Ike as ghost editor. General Eisenhower and Colonel Reeder knew each other from World War II. Reeder was wounded during the D-Day invasion and had to have a leg amputated. After he left the Army in 1947 and joined the athletic department at West Point, Reeder took up writing and produced more than two dozen books, including a juvenile biography of his former commander in chief. In his second letter to Reeder, Eisenhower writes, "I was quite happy to examine your manuscript for accuracy. I was glad to undertake the chore, but, of course, it must never be known that I have seen such a document before publication. It would have the implication that I agree with every nice thing you have to say about me." (In the third letter, Eisenhower supplies a blurb that appears on the dust jacket of Reeder's book."

Ike clearly read the typescript carefully, and most pages have a comment or correction by him. These range from single words to lengthy paragraphs. Many of the corrections reflect Eisenhower's modesty, as well as his passion for accuracy. Where the text reads "he was the best halfback in central Kansas," Ike changed it to "he was a good halfback"; and where Reeder wrote "He was an excellent student," Ike emended the line to read "He was a good but not outstanding student." But there a longer and more revealing changes as well. The original text stated of six Eisenhower boys that "The hard times and the poverty they experienced made them part of a family that struck together." Ike rewrote that line as "Their life was a spartan one but the family was a happy one," and at the bottom of the page he elaborated: "Our Poverty has been over-emphasized. By today's standards of course we were poor—but we were always well fed, well sheltered and adequately clothed. We always gave 'Thanksgiving and Christmas baskets of food' to those we considered as really poor."

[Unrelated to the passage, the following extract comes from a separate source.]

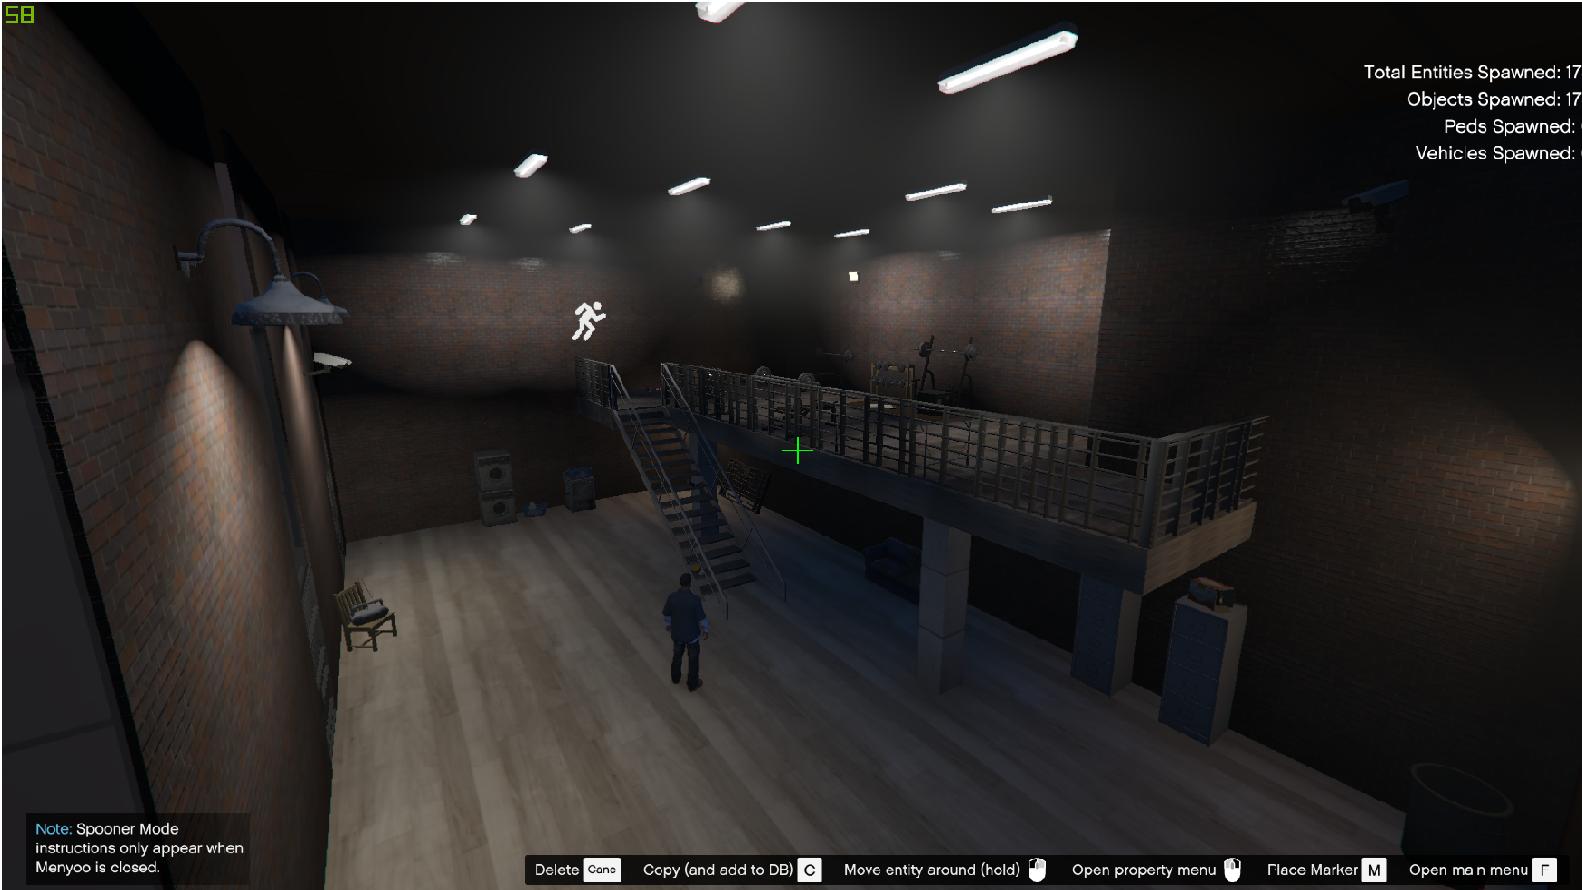 Prison Map v1 0 (Menyoo) - GTA5-Mods com

The section on the text dealing with World War II provides for some of Eisenhower's most interesting comments, and in at least four instances he refers Reeder to his own Crusade in Europe for clarification. For instance, Reeder relates that Ike dismissed a member of his staff for cursing a British officer; Eisenhower commented, "What I said was—I don't mind you calling him a so-in-so. But you called him a 'British so-in-so.' I don't want you on my staff." He also writes of wartime meetings with Roosevelt, Churchill, Patton, and Bradley, and corrects Reeder on the chronology of D-Day: "on the early morn of 4th attack for fifth called off. Late on 4th (confirmed on 5th) D-Day was set for 6th." He also does not let go unremarked Reeder's comment on the end of the Korean War, which the author described as "a stalemate, with neither side winning. Korea was still divided." Ike crossed that out and replaced it with the sentences that appear in the published book: "There was no victory but the U.S. along with its allies had gone into the war only to defend South Korea. In this it was successful." A remarkable and revealing Eisenhower document.